Data section
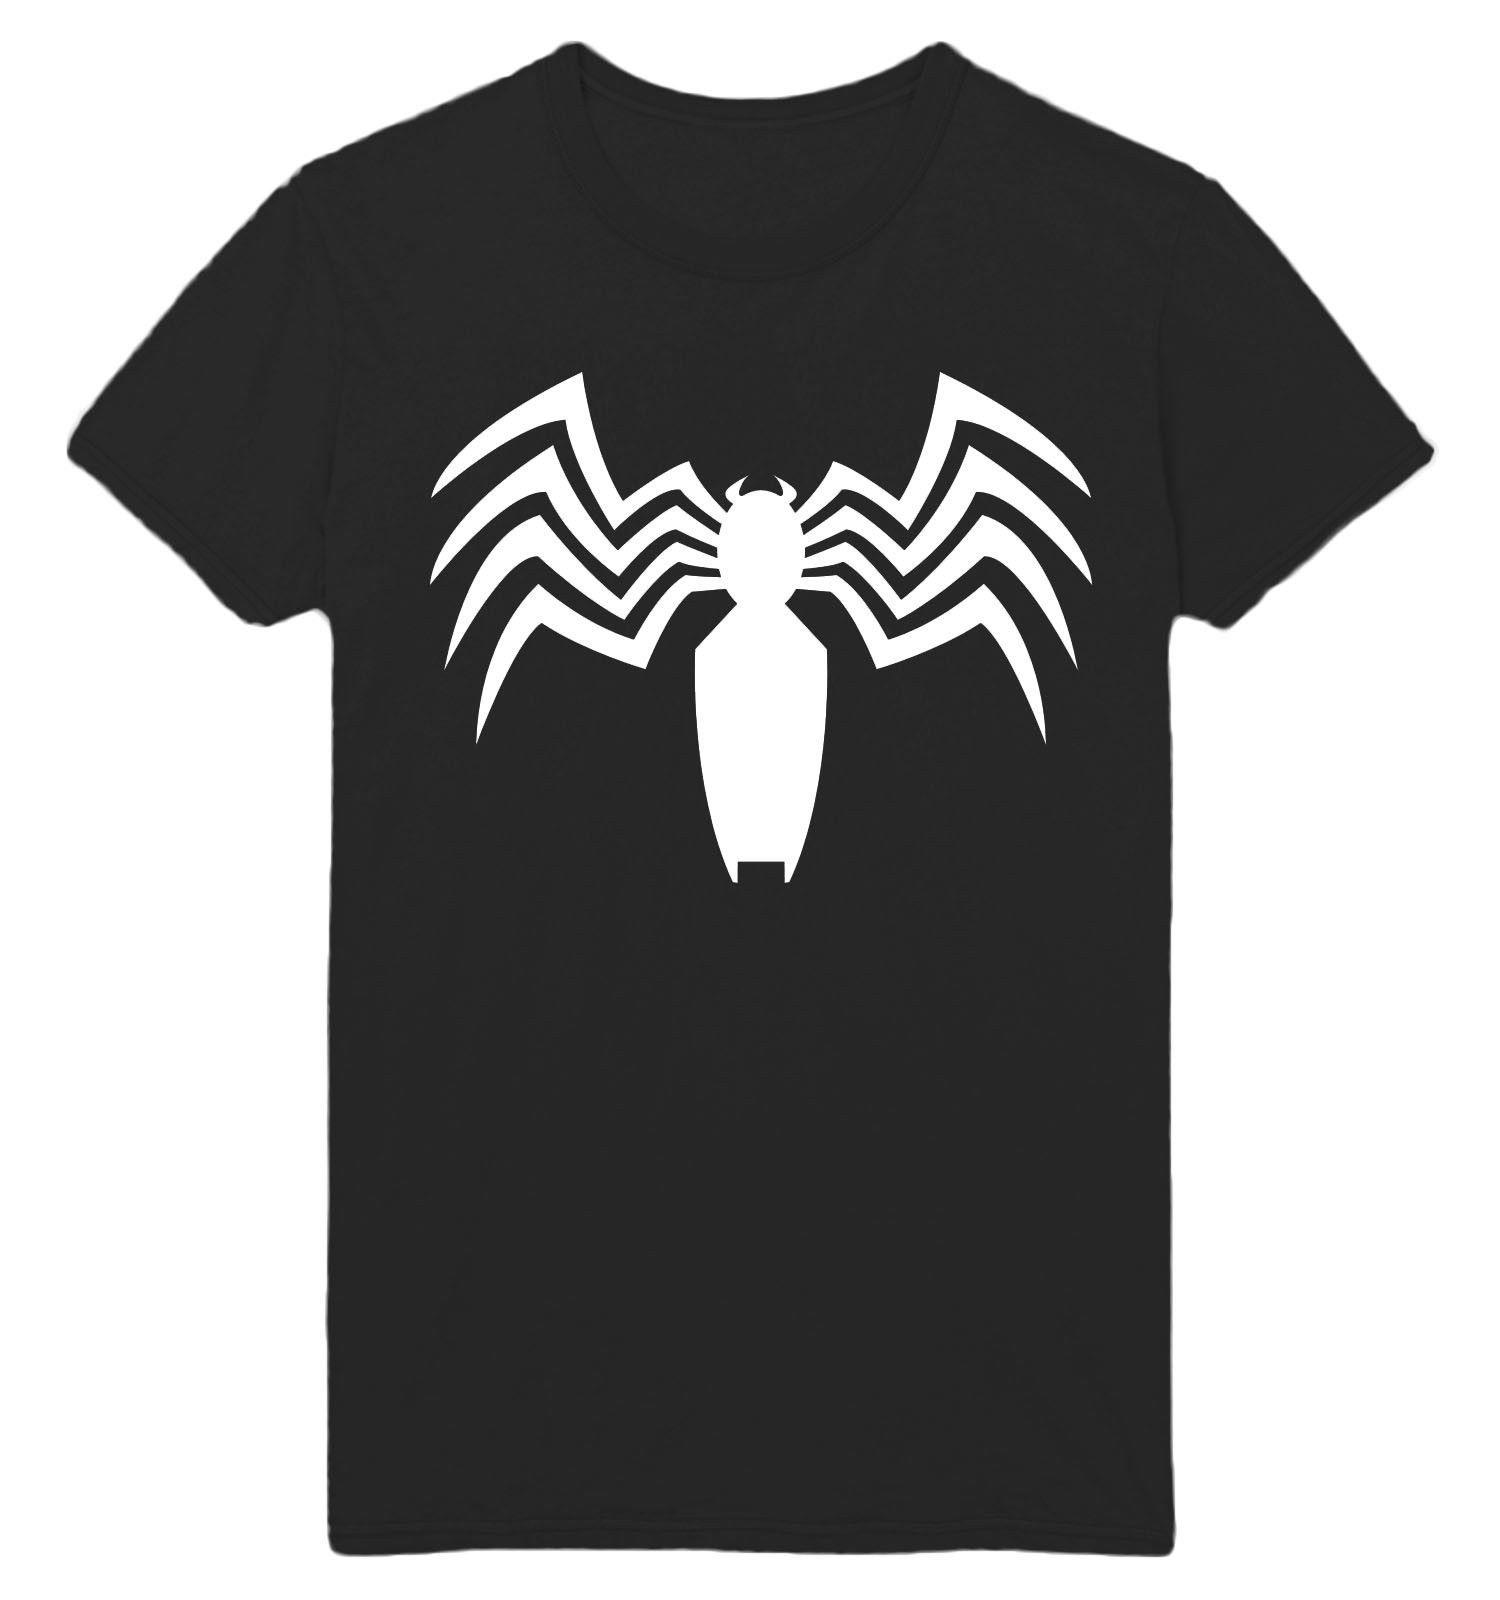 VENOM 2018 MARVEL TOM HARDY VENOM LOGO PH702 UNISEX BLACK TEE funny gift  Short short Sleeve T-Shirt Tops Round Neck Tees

==

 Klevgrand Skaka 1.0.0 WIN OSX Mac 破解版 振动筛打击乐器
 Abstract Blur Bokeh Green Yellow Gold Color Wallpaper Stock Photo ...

What the exercise asks
Extract the lines of the preceding material that run from the line with "Klevgrand Skaka 1.0.0" through the line with "Abstract Blur Bokeh", inclusive, reproducing them exactly and adding nothing.

Task answer
 Klevgrand Skaka 1.0.0 WIN OSX Mac 破解版 振动筛打击乐器
 Abstract Blur Bokeh Green Yellow Gold Color Wallpaper Stock Photo ...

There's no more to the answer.